Liciaga had sent the students on the dangerous excursion to a Midtown warehouse to pick up school furniture, with three of the teens sitting in the box truck’s dark cargo hold for both legs of the round trip, which each lasted 1½ hours.

While two students sat up front in the cab of the truck with a student aide driving, the other three were forced to ride in back — including one teen who tied himself down with a scarf to keep from bouncing around like a pinball.

“I thought the trip was very dangerous,” said one of the teens, who like most kids at Multicultural HS is a recently arrived Spanish speaker. “In the back, there [were no seat belts] for us. If I had known that ahead of time, I wouldn’t have gone.”

No permission slips were filled out by parents for the unscheduled trip, teachers said.

The student, who did not want to be identified for fear of retribution, said he stepped up when Liciaga was seeking volunteers because he likes to help out and because he assumed the errand wouldn’t take long.

Instead, he and the four other students left the school before 10 a.m. on Dec. 14, hauled more than a dozen heavy cabinets into the truck and returned to the school after 3 p.m.

After they had unloaded all the cargo on the third floor of the school, Liciaga thanked them by giving them tacos.

A city Department of Education spokeswoman told The Post that Liciaga had been reprimanded.

“The allegation regarding the furniture was substantiated, and the principal received a letter of reprimand,” the rep said.

But an education source expressed outrage over what he saw as a slap on the wrist.

“A letter of reprimand is an outrageously light punishment for such an egregious breach of parents’ trust,” he said.

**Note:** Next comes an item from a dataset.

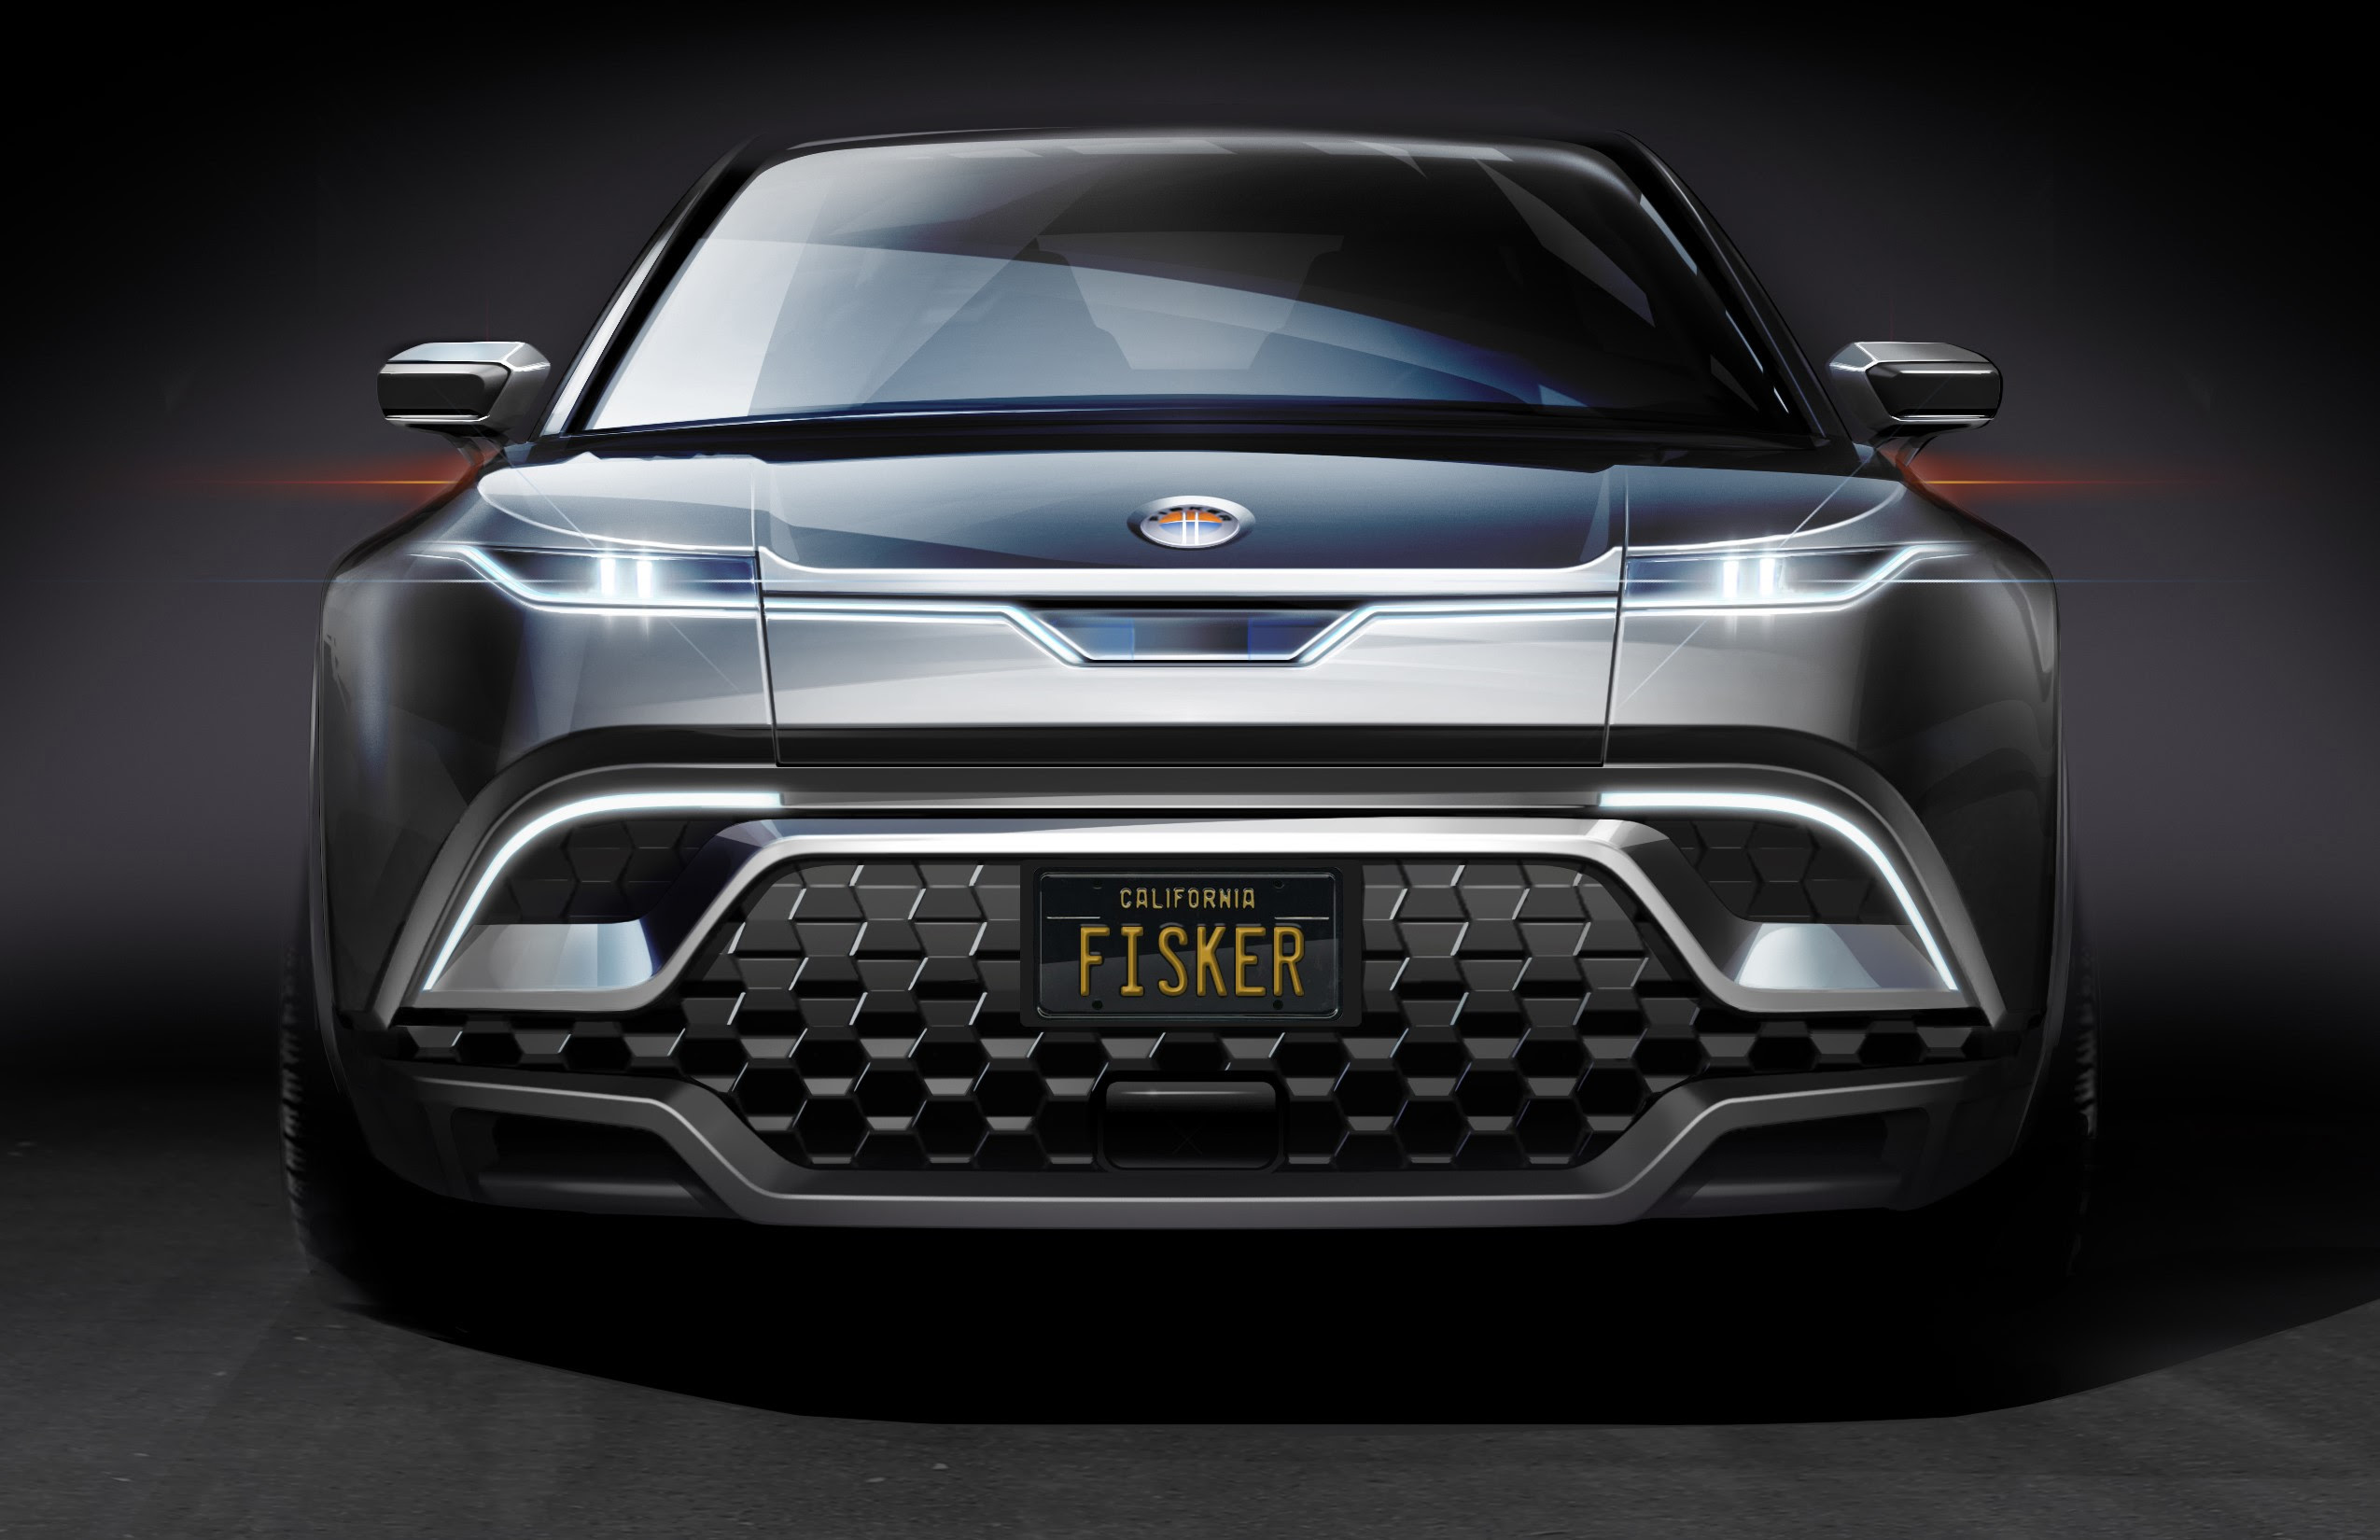 80 kwh lithium-ion battery. All-electric SUV from Fisker
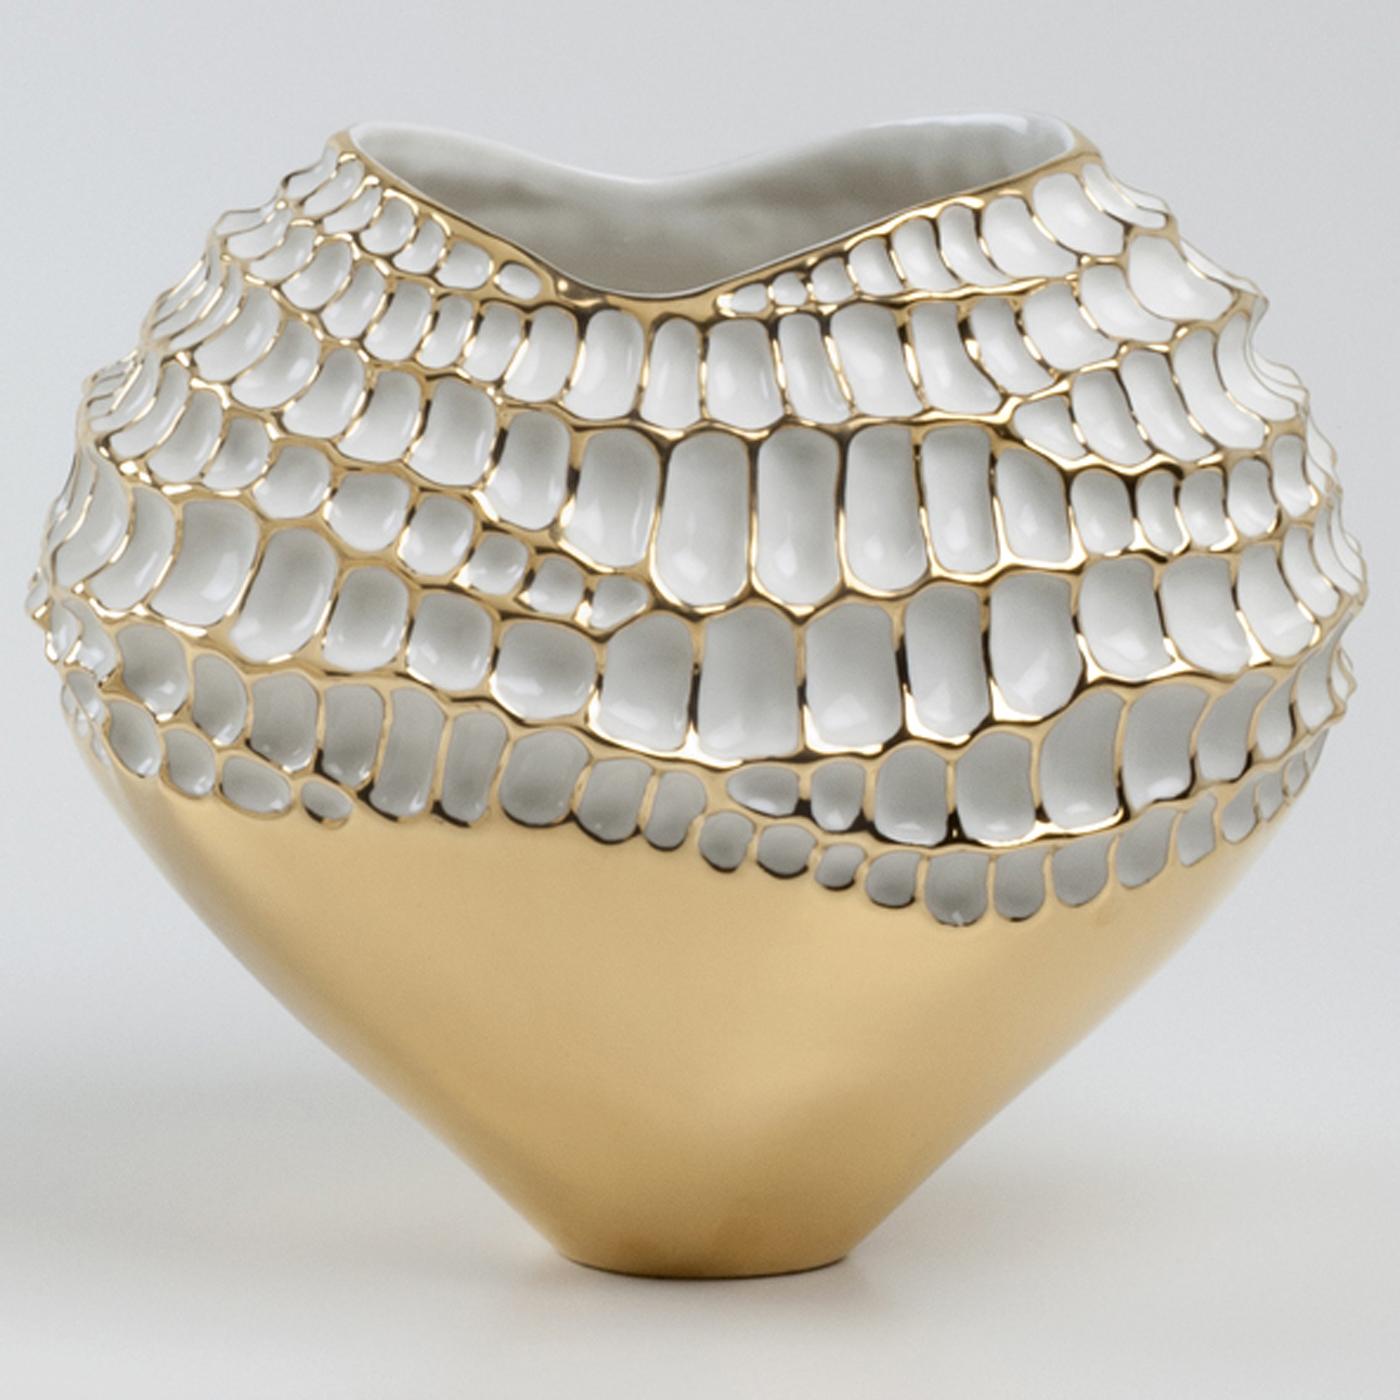 Modern Gold and White Sporos Vase by Fos Ceramiche

“I . . . wonder whether the same standard of justice would have been applied had their [officials’] children been the ones sent out in the back of that cold, dark and uninsured U-Haul truck.”

Teachers at the school said such treatment of students was par for the course for Liciaga.

They cited an incident in which Liciaga allegedly warned students who had been involved in a cafeteria fight that immigration officials would be called.

Most of the kids at the school, like Liciaga, are Dominican immigrants.

The DOE is investigating the allegation.

Asked outside her Bronx home about the incidents, Liciaga said only, “Many of these issues are under investigation, so I cannot comment on it.”